Ele não é disso, como comprova o reconhecimento honesto no capítulo final (intitulado ‘As Dez Perguntas que Mais me Fazem’), ao responder à questão ‘o que leva um jornalista a correr o risco de cobrir uma guerra?’. Se fosse cabotino, ficaria apenas na segunda parte de sua resposta (‘esse compromisso entre romântico e missionário que todo jornalista leva consigo de estar onde a notícia estiver, para denunciar a injustiça, a iniqüidade, o preconceito’).

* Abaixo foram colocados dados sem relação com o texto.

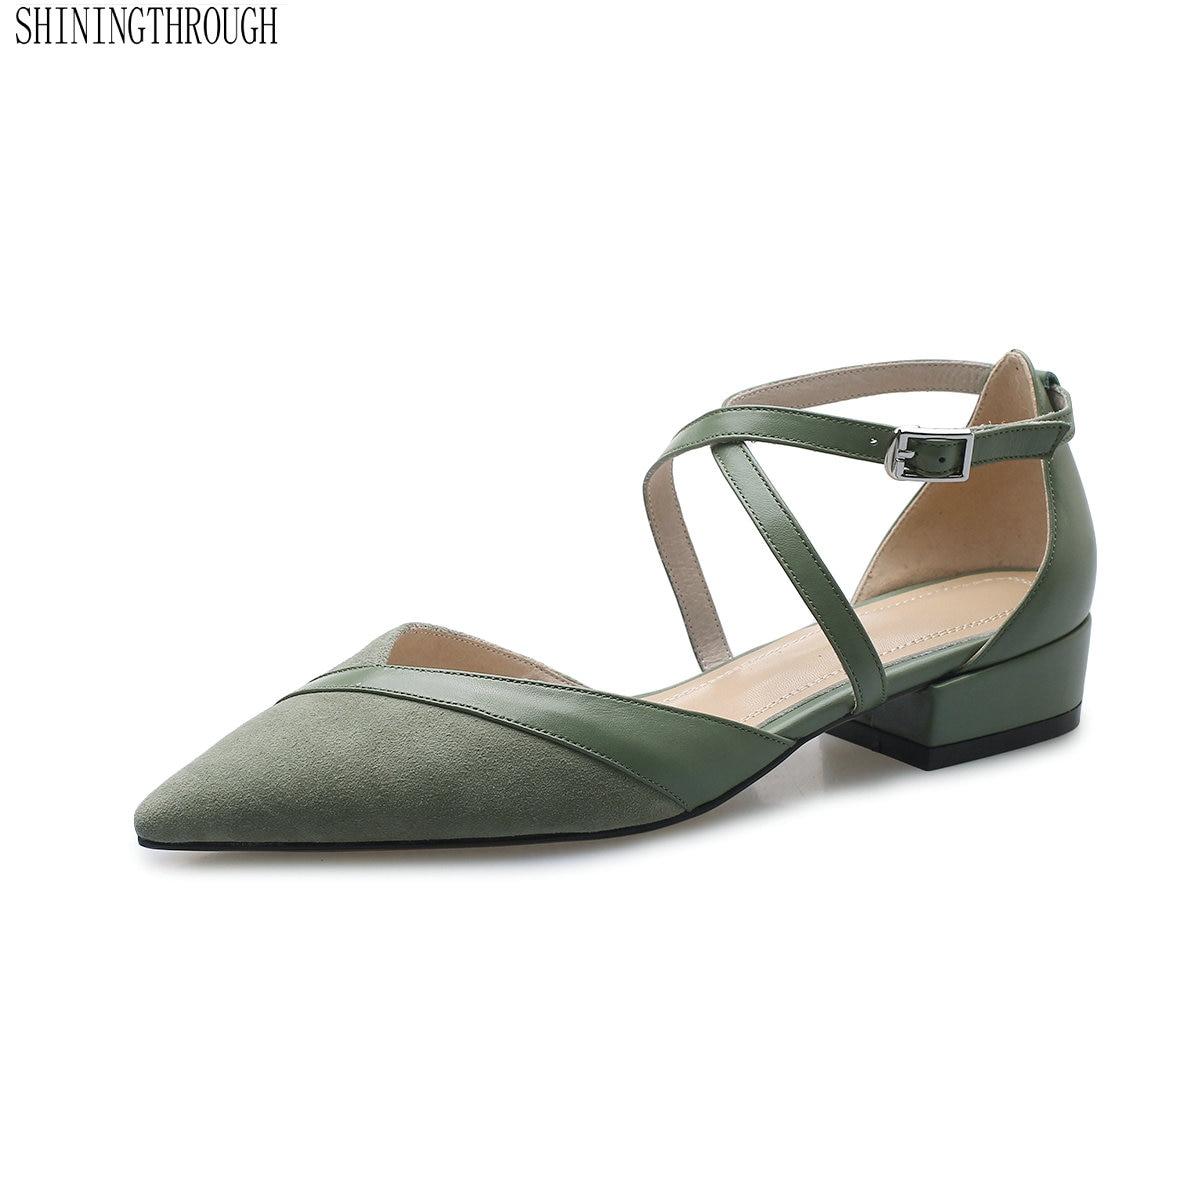 f0fe820ba07685 Frau Ferse Marke Leder schwarzes Mädchen Poined Beige Zehe Fashion Frauen  Niedrigen Arbeit grün Heels Neue Echtem Schuhe 4wqw7F

Como José Hamilton não é cabotino, sua resposta começa com a admissão de que outros motivos para correr esse risco são: ‘um pouco, vaidade, um pouco, espírito de aventura, um pouco, ambição profissional’. Melhor assim.
Safra de edições
Apesar do desconforto inicial que o título infeliz possa provocar, este é mais um volume importante na bem-vinda safra de edições de textos importantes na história do jornalismo brasileiro e mundial que têm aparecido no mercado nos últimos seis anos.
A edição é bem cuidada. Cada reportagem é precedida de duas páginas que oferecem o contexto da época em que ela foi originalmente publicada e desdobramentos do tema nos anos seguintes; fotos dos personagens da matéria são reproduzidas bem como das capas dos veículos em que saíram pela primeira vez.
Das oito reportagens reproduzidas no livro, cinco foram da revista ‘Realidade’. Quem nasceu depois dos anos 1960 não teve a chance de conviver com aquele veículo, que foi, como diz José Hamilton Ribeiro em sua nota introdutória, ‘um avanço no jornalismo deste país, principalmente no jornalismo de ‘longo-curso’, de profundidade, o jornalismo de texto e de autor’.
Jornalismo de hoje
O autor pergunta se ‘Realidade’ e seus textos ‘gordos’ ainda caberiam no jornalismo de hoje. A pergunta já embute a resposta de que, na opinião dele, não. É discutível.
Se é verdade que não parece haver atualmente grande quantidade de consumidores dispostos a pagar por uma revista ou jornal do tipo ‘Realidade’, o simples fato de tantos livros com reproduções de matérias desse tipo estarem sendo publicados parece ser uma indicação de que algum público para elas deve existir.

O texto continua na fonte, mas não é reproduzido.